M3-BRIGADE ACQUISITION III CORP. ANNOUNCES INTENTION TO EXTEND PERIOD TO CONSUMMATE INITIAL BUSINESS COMBINATION
NEW YORK, July 20, 2023 /PRNewswire/ -- M3-Brigade Acquisition III Corp. (NYSE: MBSC) ("MBSC" or the "Company") announced today that, upon the request of the Company's sponsor, M3-Brigade Sponsor III LP (the "Sponsor"), its board of directors has approved an extension of the period of time the Company has to consummate its initial business combination by three months, from the current deadline of July 26, 2023 until October 26, 2023 (the "Extension"), pursuant to the Company's amended and restated certificate of incorporation (the "Charter"). The Charter permits a total of four three-month extensions (i.e., until October 26, 2023), of which this is the fourth.
In connection with the Extension, the Sponsor, or its affiliates or designees, will deposit an additional $1,696,500 into the Company's trust account, in part from the Company's working capital, for the benefit of the Company's public stockholders. The Company's stockholders are not entitled to vote on or redeem their shares in connection with the Extension.

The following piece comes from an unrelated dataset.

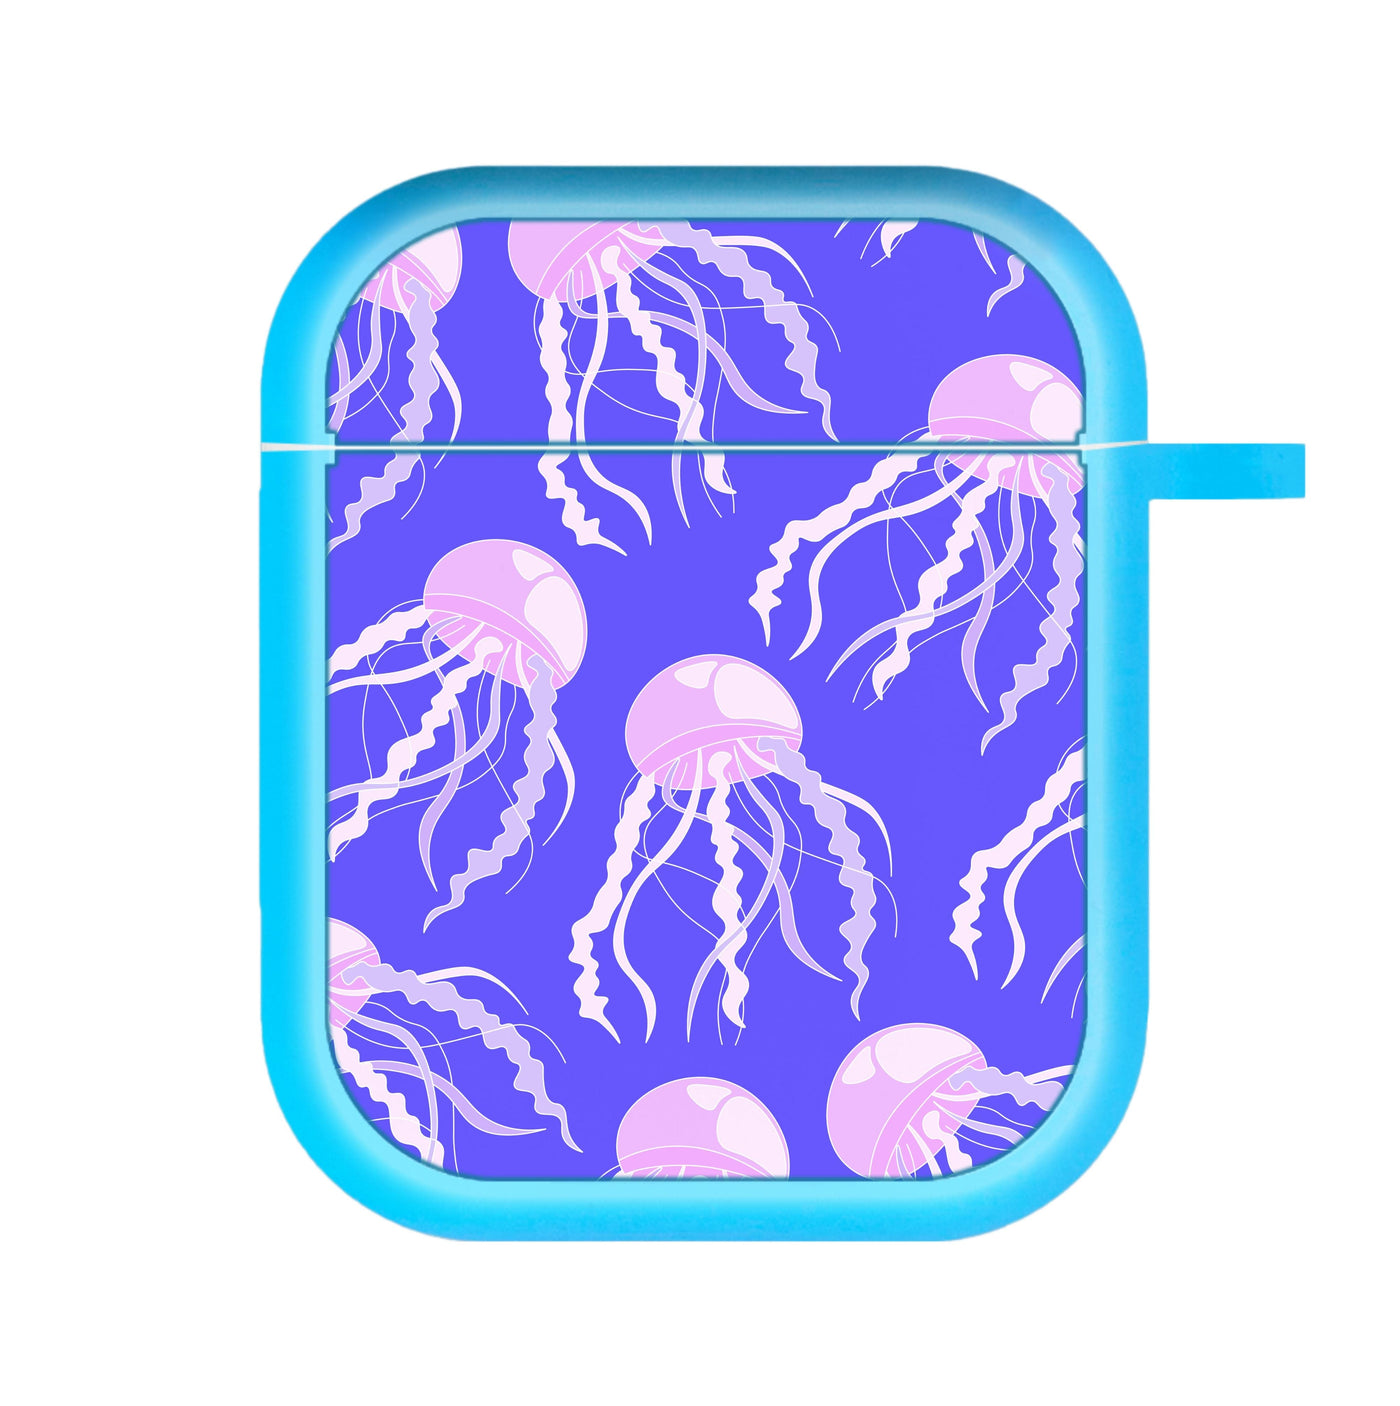 Jellyfish Pattern - Sealife AirPods Case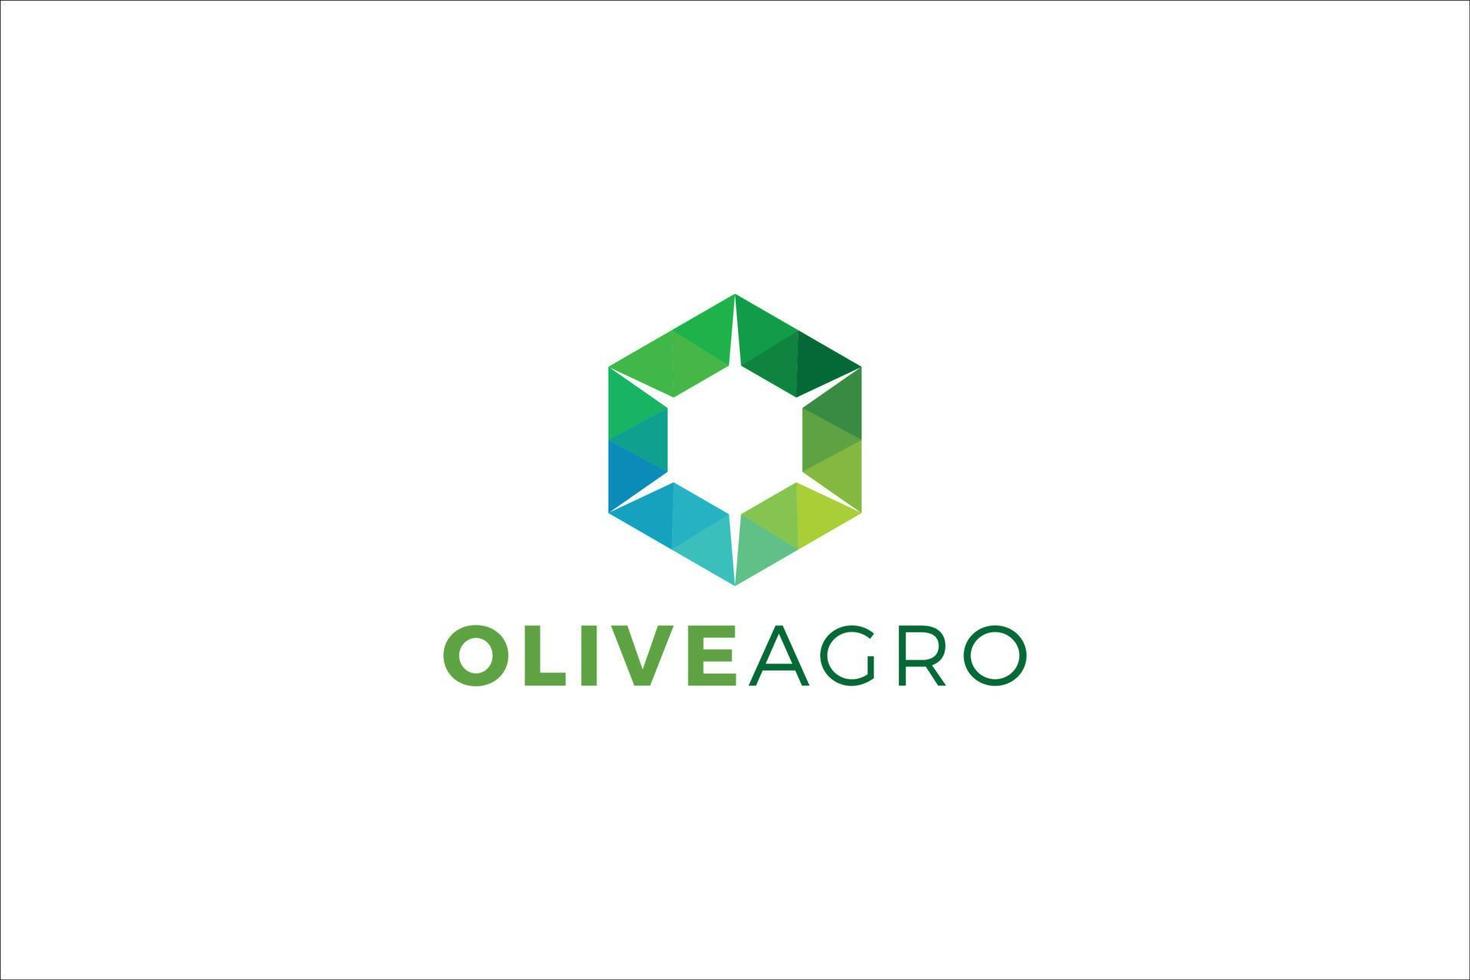 lettre o logo hexagonal vert pour entreprise vecteur

About M3-Brigade Acquisition III Corp.
M3-Brigade Acquisition III Corp. is a special purpose acquisition company listed on the New York Stock Exchange under the trading symbol "MBSC" organized by the founders and senior executives of M3 Partners, LP and Brigade Capital Management, LP for the purpose of effecting a merger, stock purchase or similar business combination with one or more businesses.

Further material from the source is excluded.